Extend pipeline to combine results in one tsv file

zavolanlab / bindz-rbp

RBP module for bindz, a bioinformatics tool to detect regulators' binding sites on RNA sequences.

https://github.com/zavolanlab/bindz-rbp

Apache License 2.0

7 stars 1 forks source link

Extend pipeline to combine results in one tsv file #18

Closed krish8484 closed 4 years ago

krish8484 commented 4 years ago

Description

Please include a summary of the change and which issue is fixed. Please also include relevant motivation and context. List any dependencies that are required for this change.

All the motevo results are encapsulated in one tsv file

Fixes #15

Type of change

Please delete options that are not relevant.

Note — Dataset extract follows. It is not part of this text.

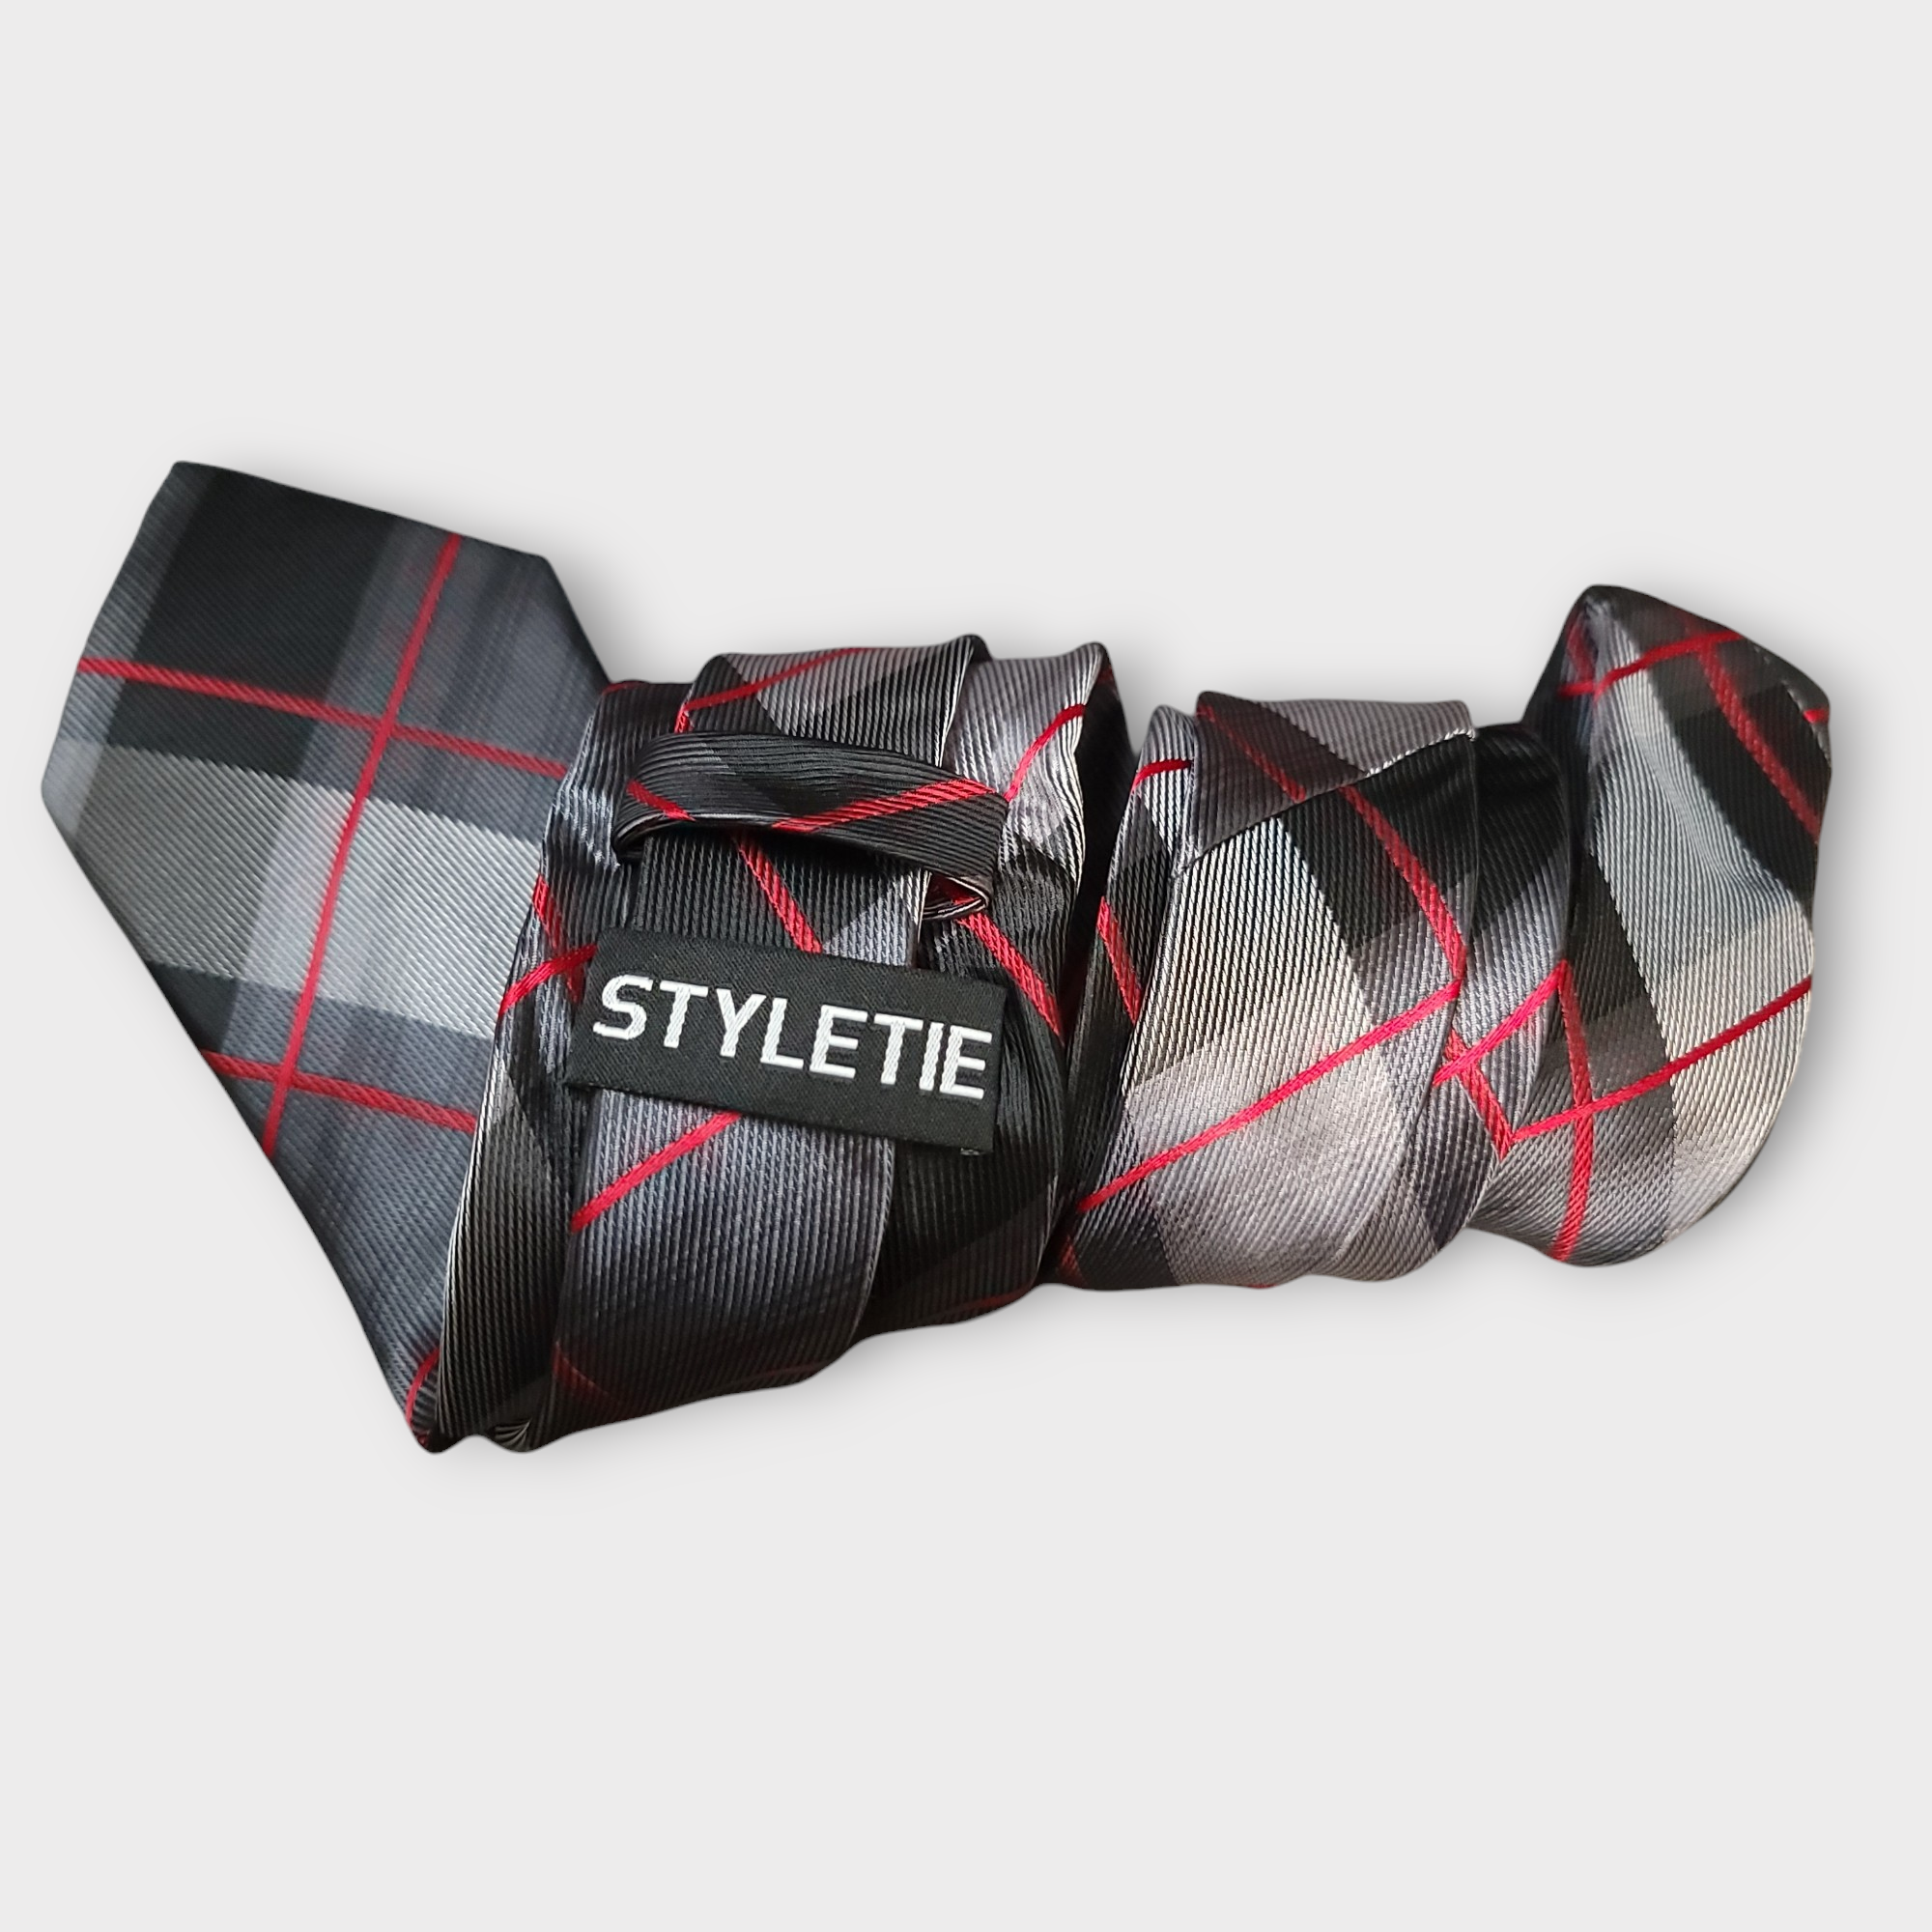 Extra Long Black Red Plaid Tie Pocket Square Cufflink Set

[x] New feature (non-breaking change which adds functionality)

Checklist:

[x] My code follows the style guidelines of this project
[x] I have performed a self-review of my own code
[x] I have commented my code, particularly in hard-to-understand areas
[x] My changes generate no new warnings
[x] I have added tests that prove my fix is effective or that my feature works
[x] New and existing unit tests pass locally with my changes
[x] I have not reduced the existing code coverage

AngryMaciek commented 4 years ago

@krish8484 Apart from what is in the code comments, I have unchecked some boxes from the checklist that still need to be addressed. As you change how the script is called you will also have to add unit test for your script (the same way I have for another one). In order to generate dummy input for the unit test just run the pipeline once, copy the main directory with MotEvo results (per motif directories) and remove all of them except, let's say, arbitrarily chosen 10 (so that the test is rather small).

And then, add the unit test to the CI as well.
Don't forget to create the expected output txt and md5 files (all the same as for the other unit test).

krish8484 commented 4 years ago

Okay, i had done it the wrong way, will fix it thanks!

krish8484 commented 4 years ago

All the changed mentioned above have been implemented. Both the md5sum --check commands are returning OK on my local machine, but failing on the travis server. I am not understanding the reason.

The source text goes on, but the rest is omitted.